■ Task directions:
Please return the listing exactly as it stands, skipping any pictures.

*** Opening of Given data ***

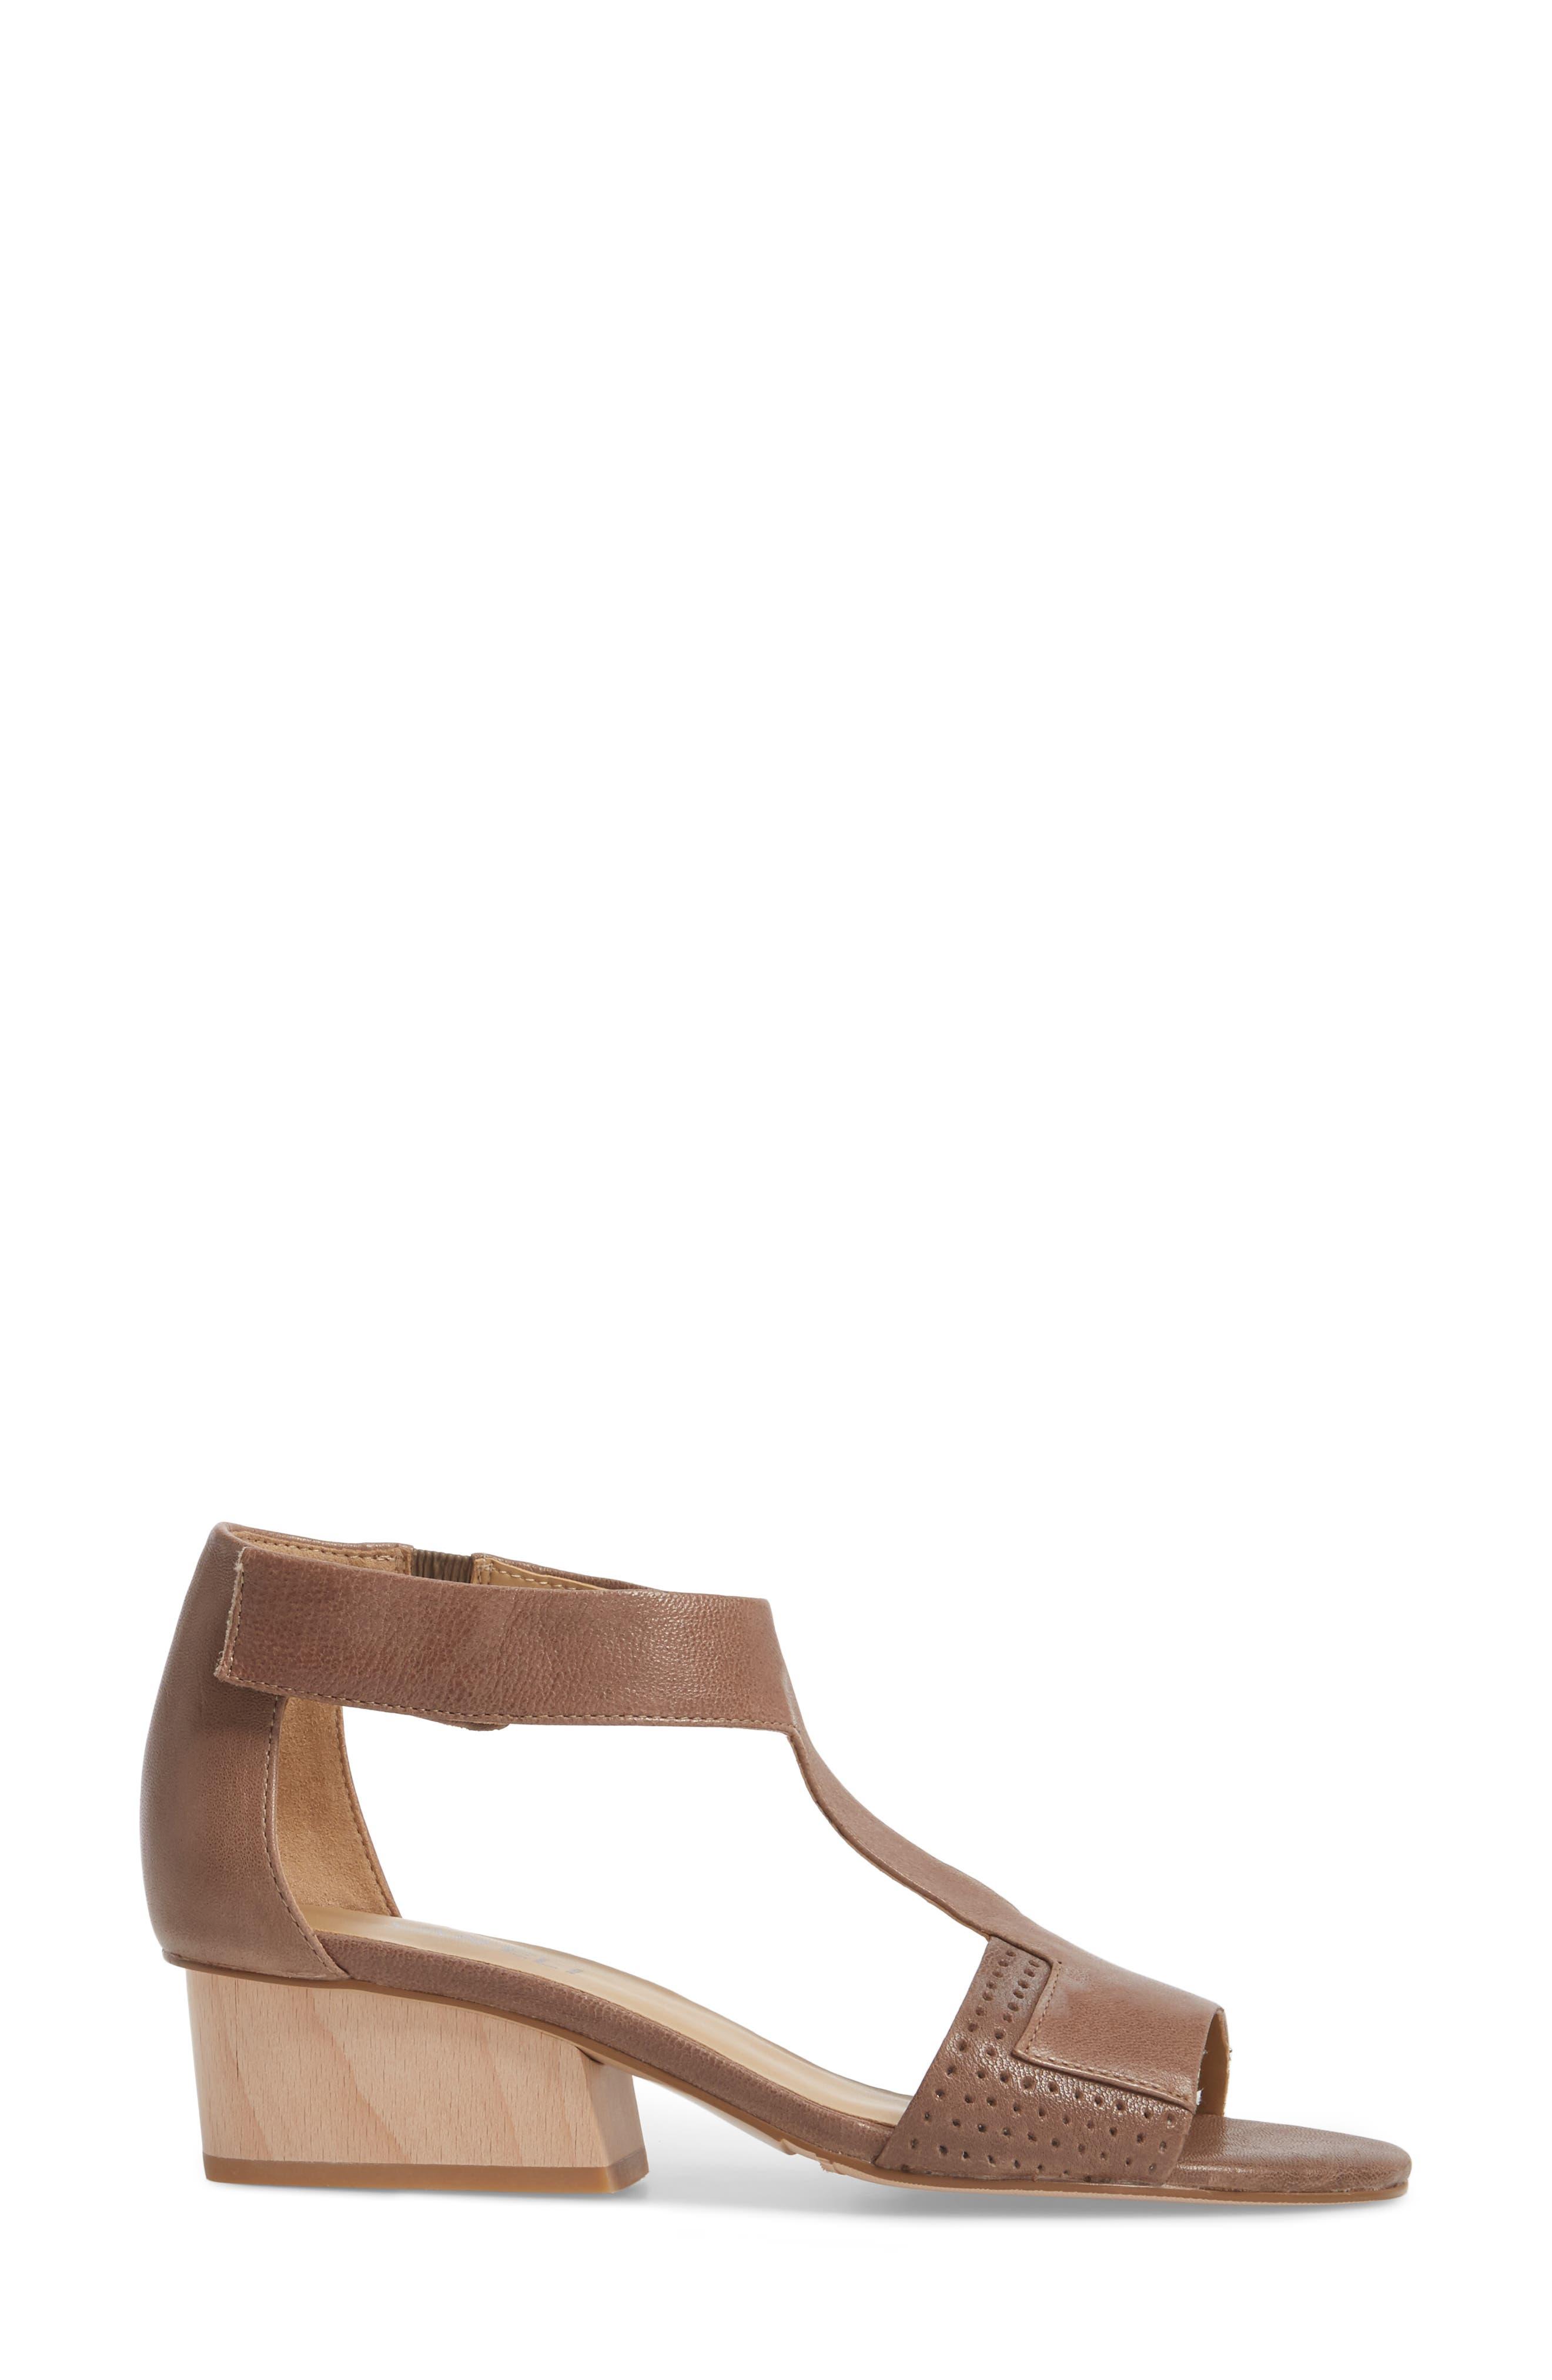 VANELI, Calyx Block Heel Sandal, Alternate thumbnail 3, color, STONE LEATHER
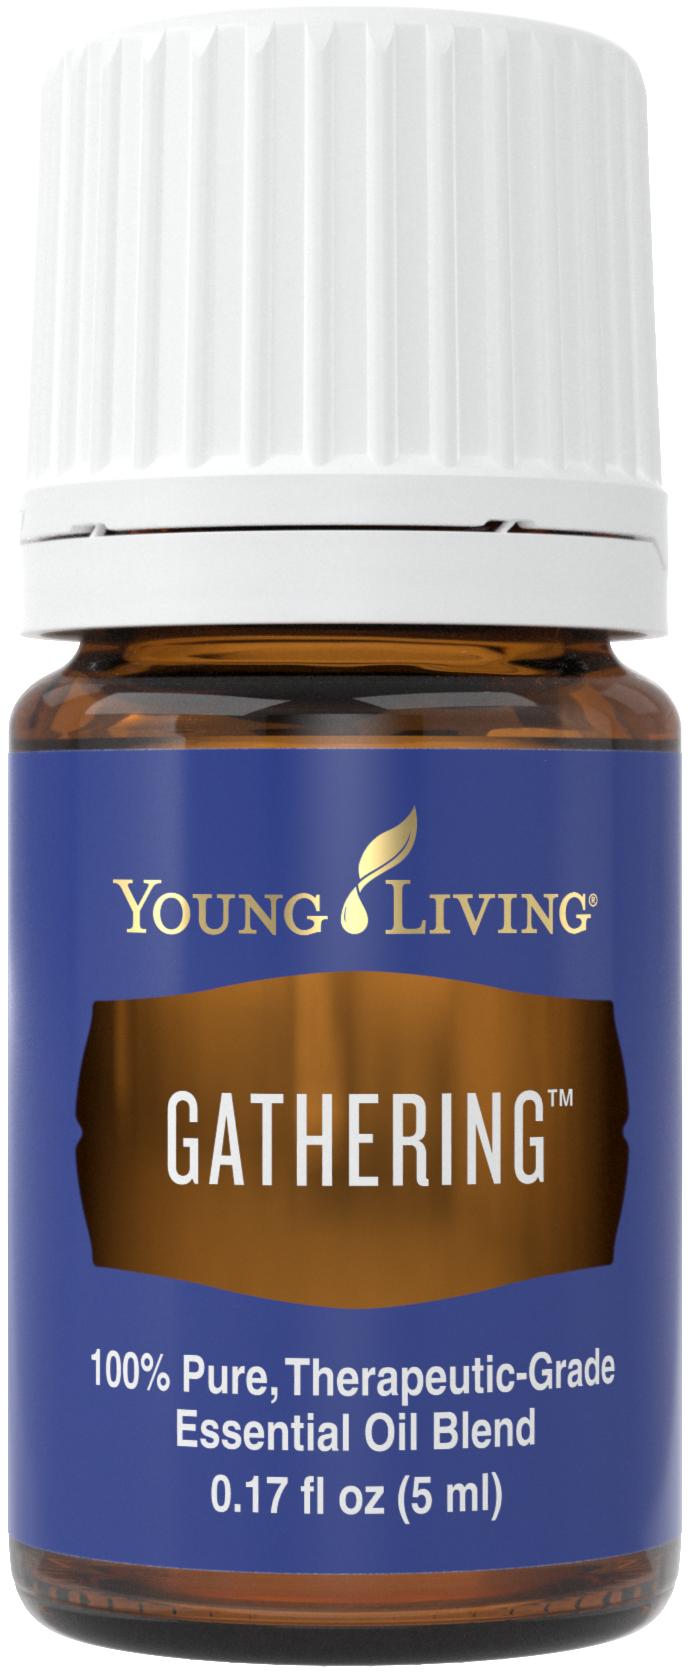 gathering_5ml_silo_us_2016_24527183245_o
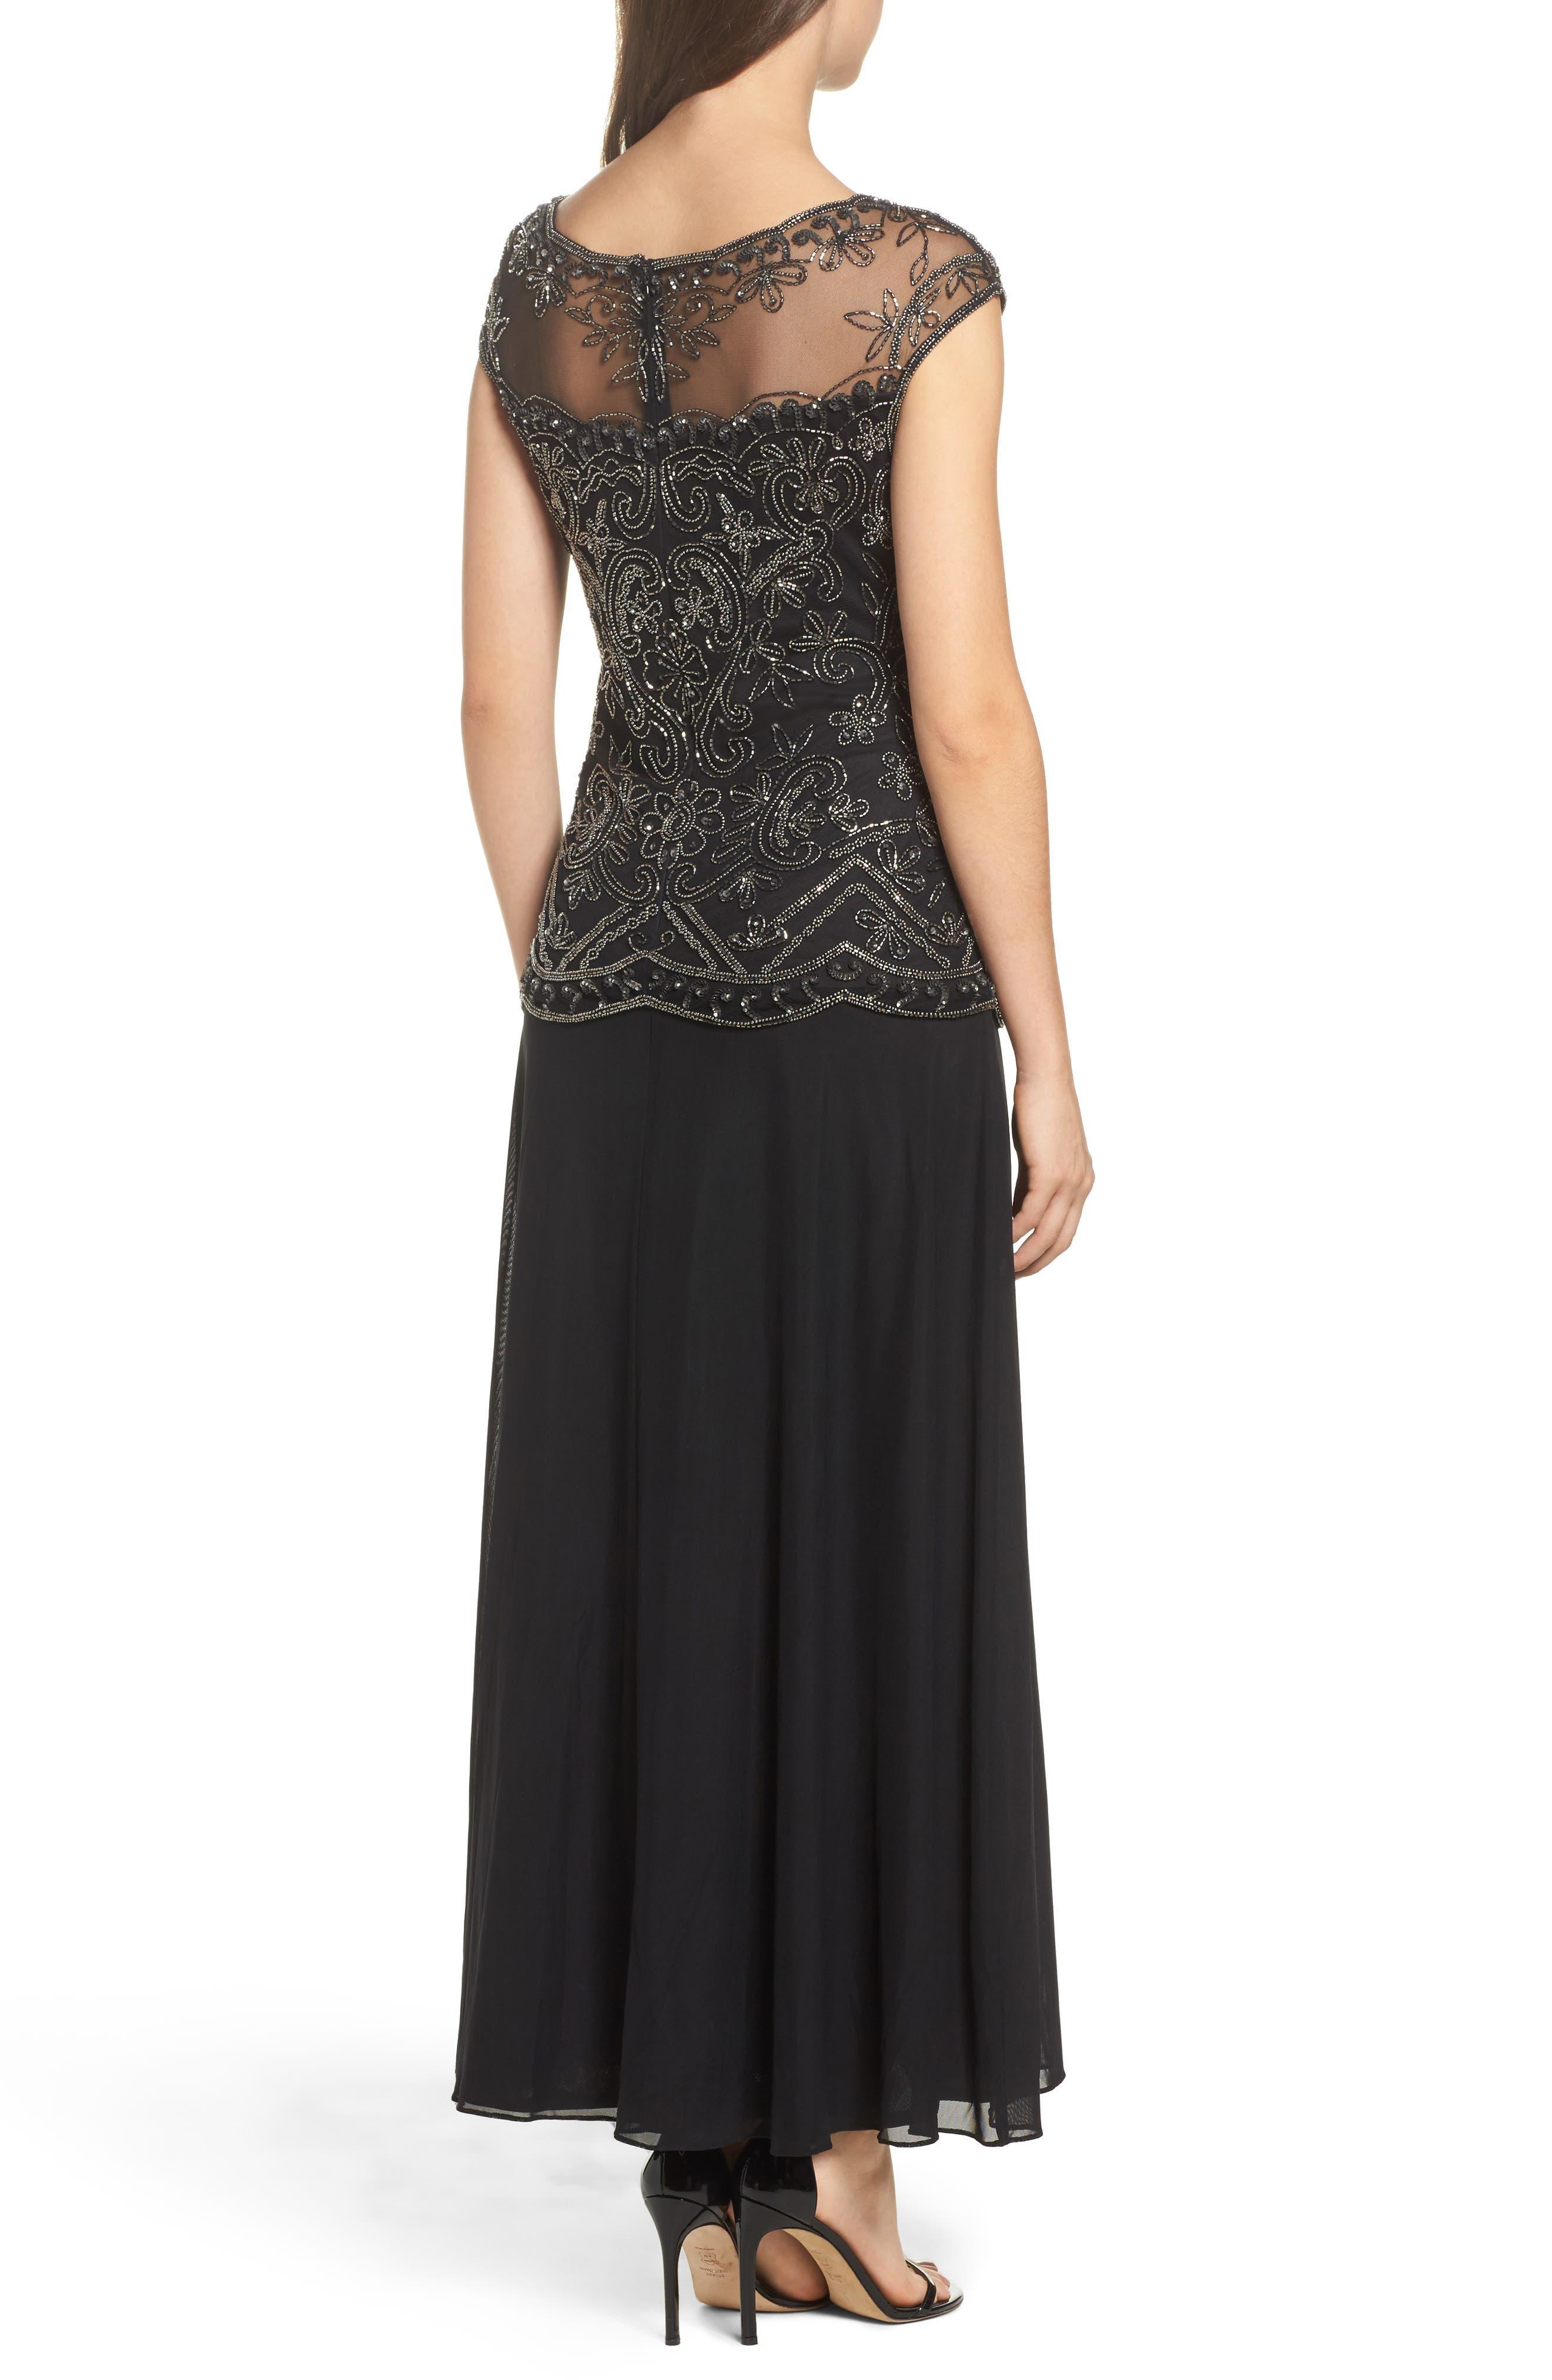 Embellished Cap Sleeve Long Dress,                             Alternate thumbnail 2, color,                             Black

*** Close of Given data ***

■ Exercise answer:
 VANELI, Calyx Block Heel Sandal, Alternate thumbnail 3, color, STONE LEATHER
 gathering_5ml_silo_us_2016_24527183245_o
 Embellished Cap Sleeve Long Dress,                             Alternate thumbnail 2, color,                             Black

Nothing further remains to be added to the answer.